A verbatim copy of all the data is required, minus any images.

Raw data Block Start

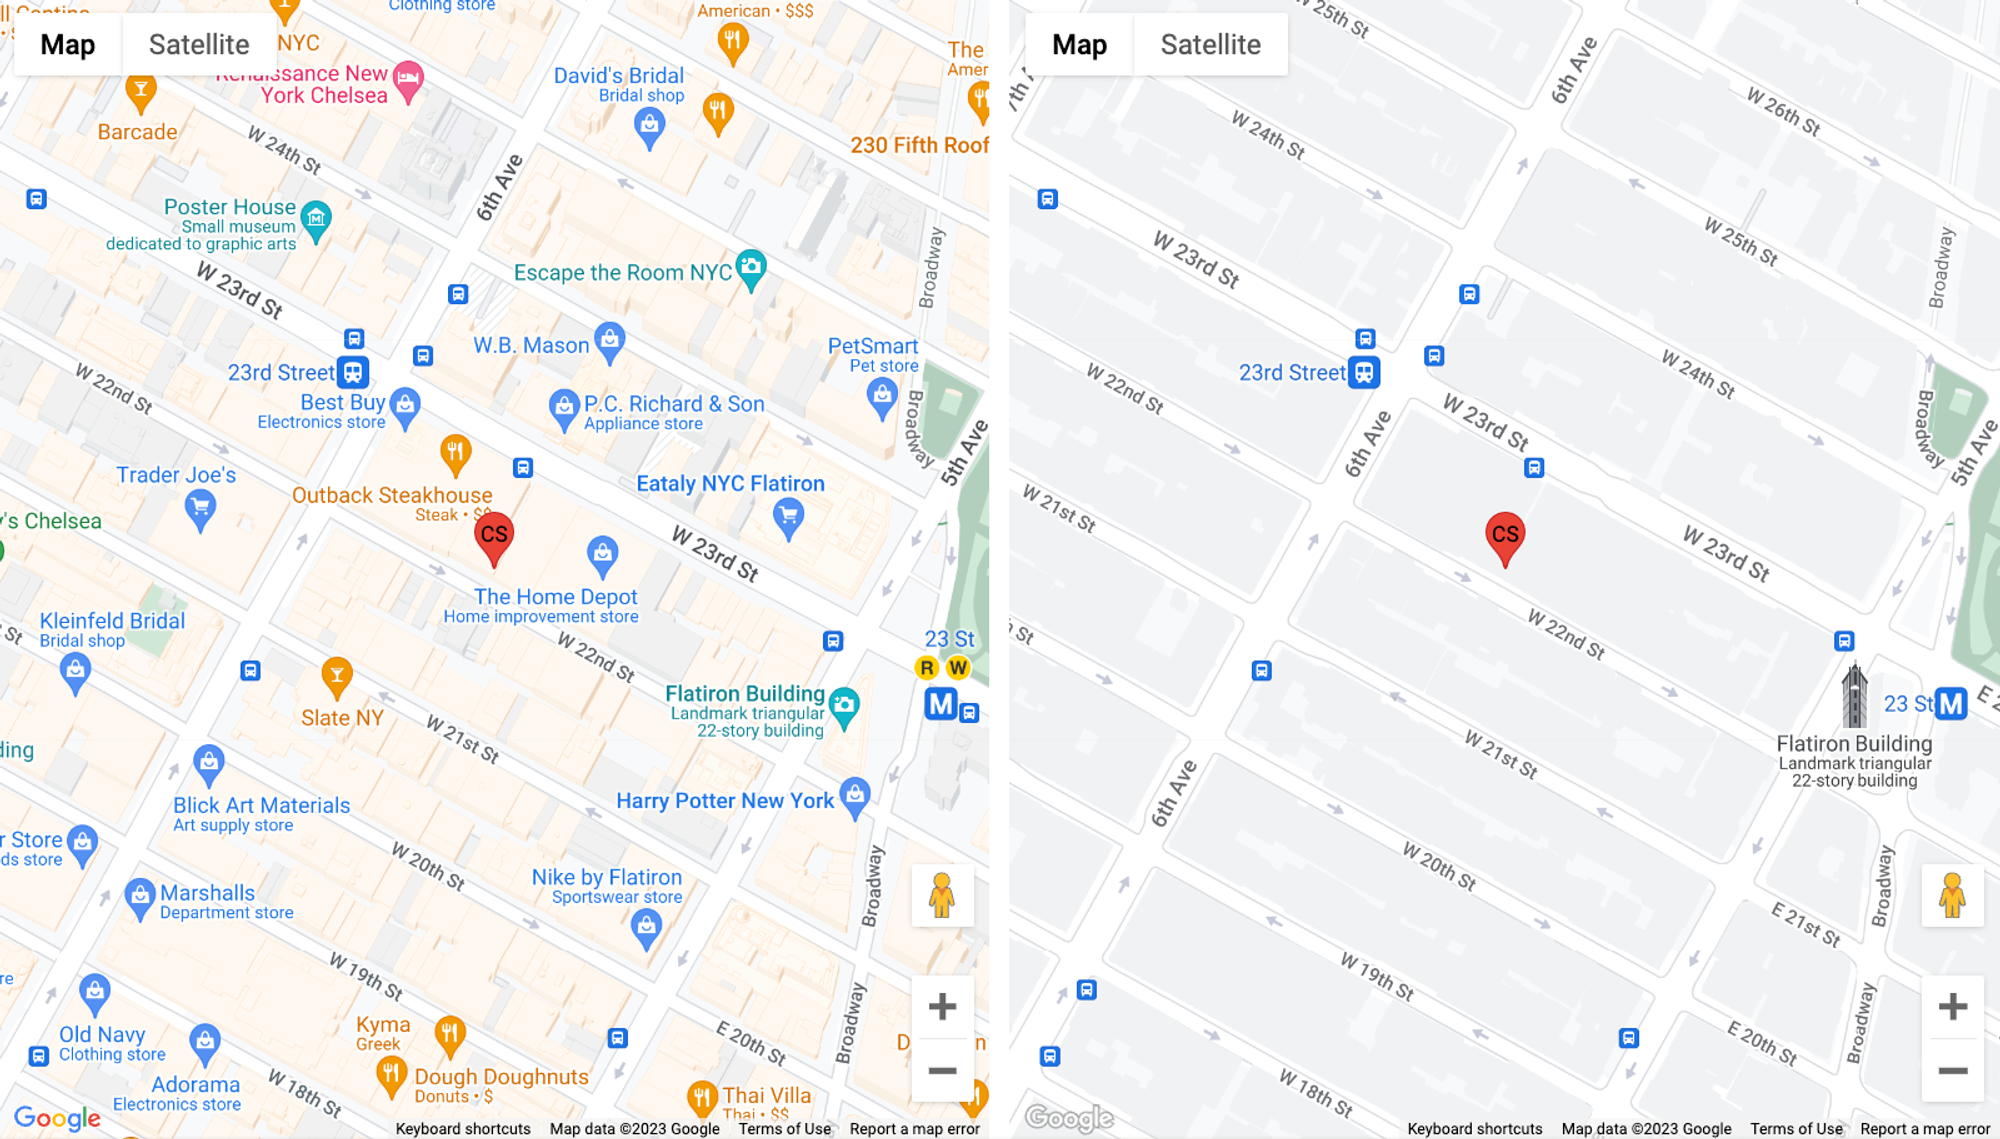 Left: the default Google map.
Right: a retail-optimized Google Map, explained in more detail in the next chapter, .
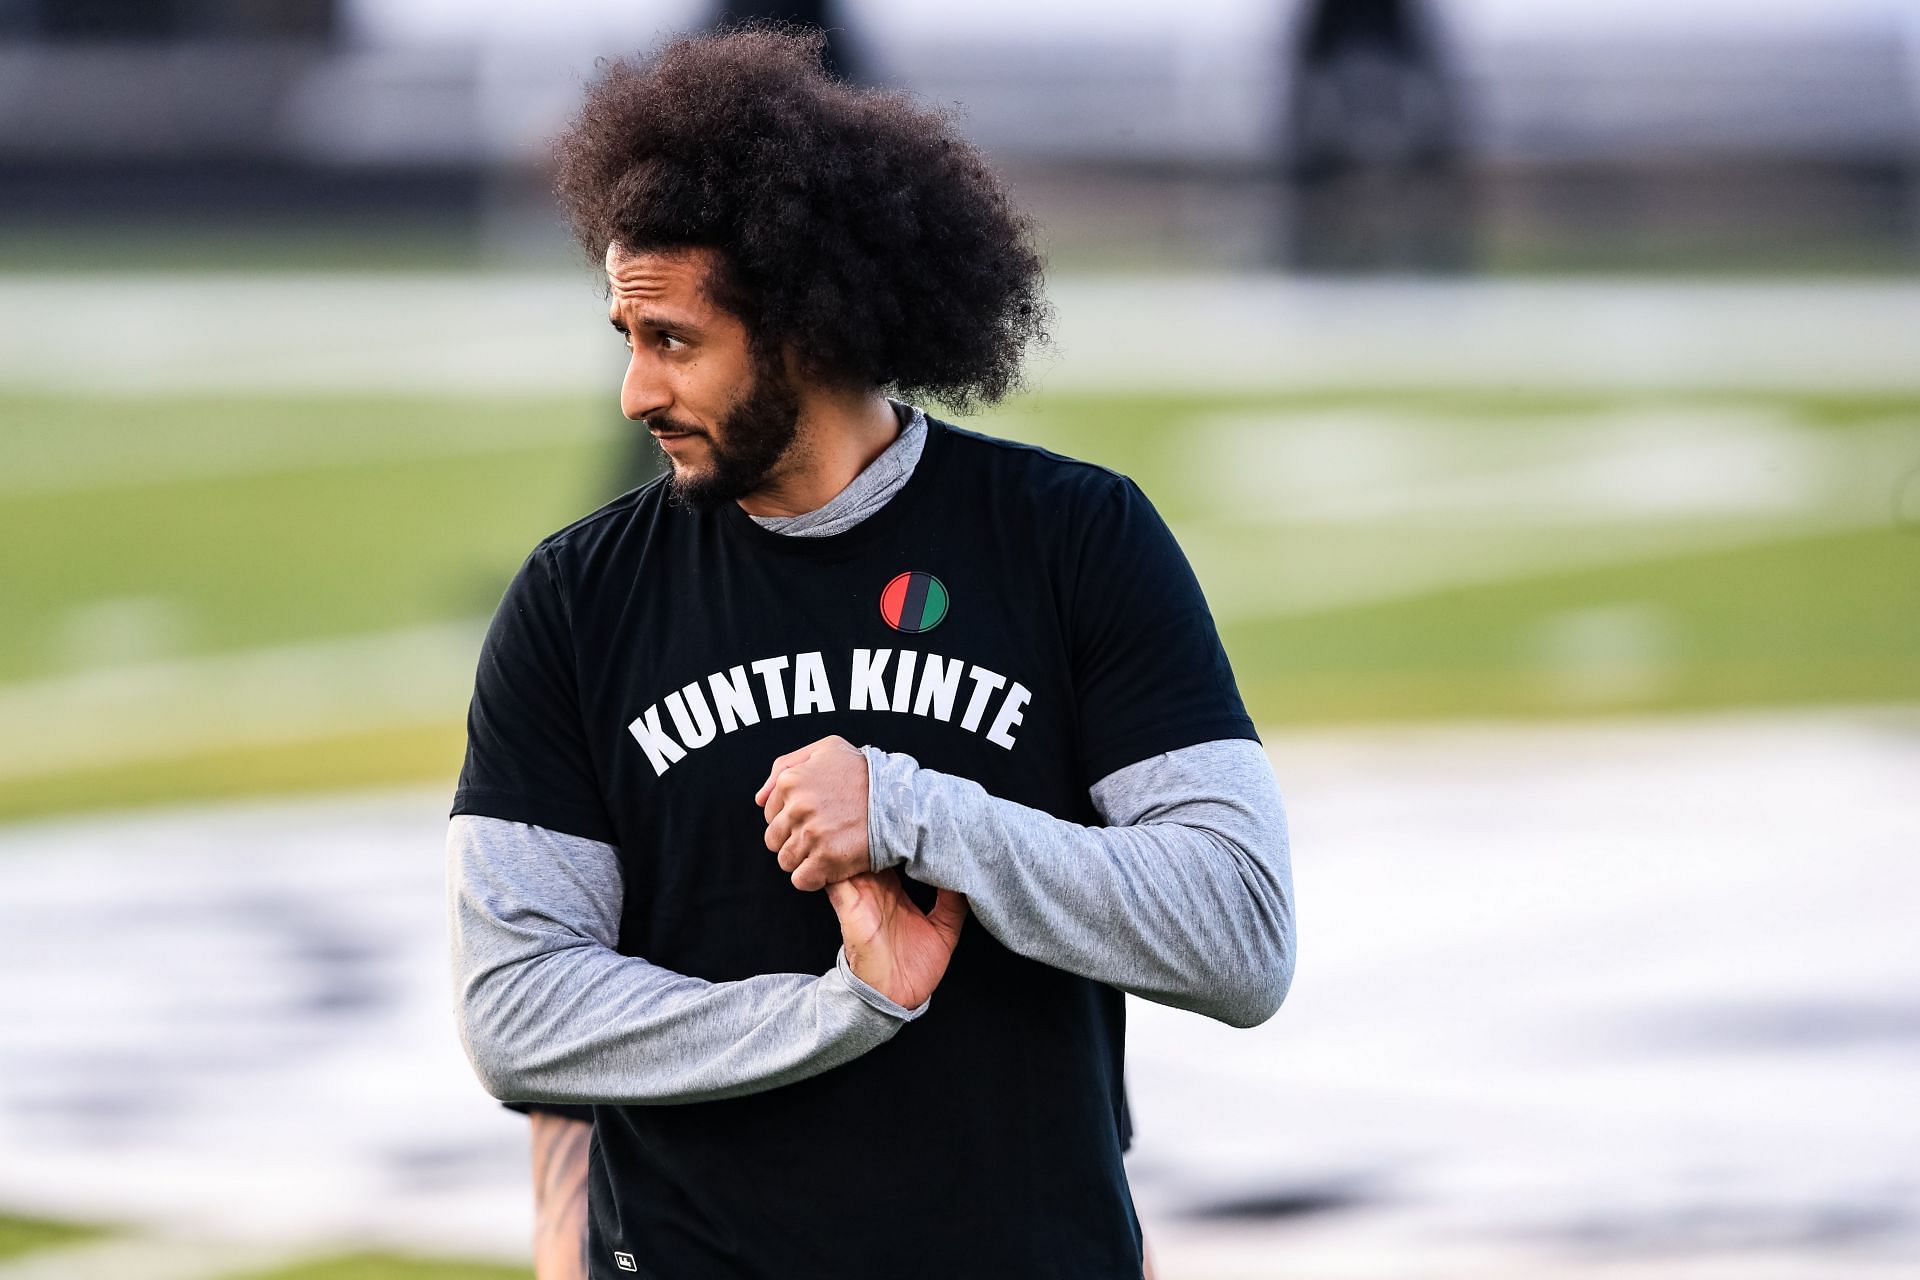 Colin Kaepernick last played an NFL game back in 2017

Raw data Block End

### Exercise response
 Left: the default Google map.
Right: a retail-optimized Google Map, explained in more detail in the next chapter, .
 Colin Kaepernick last played an NFL game back in 2017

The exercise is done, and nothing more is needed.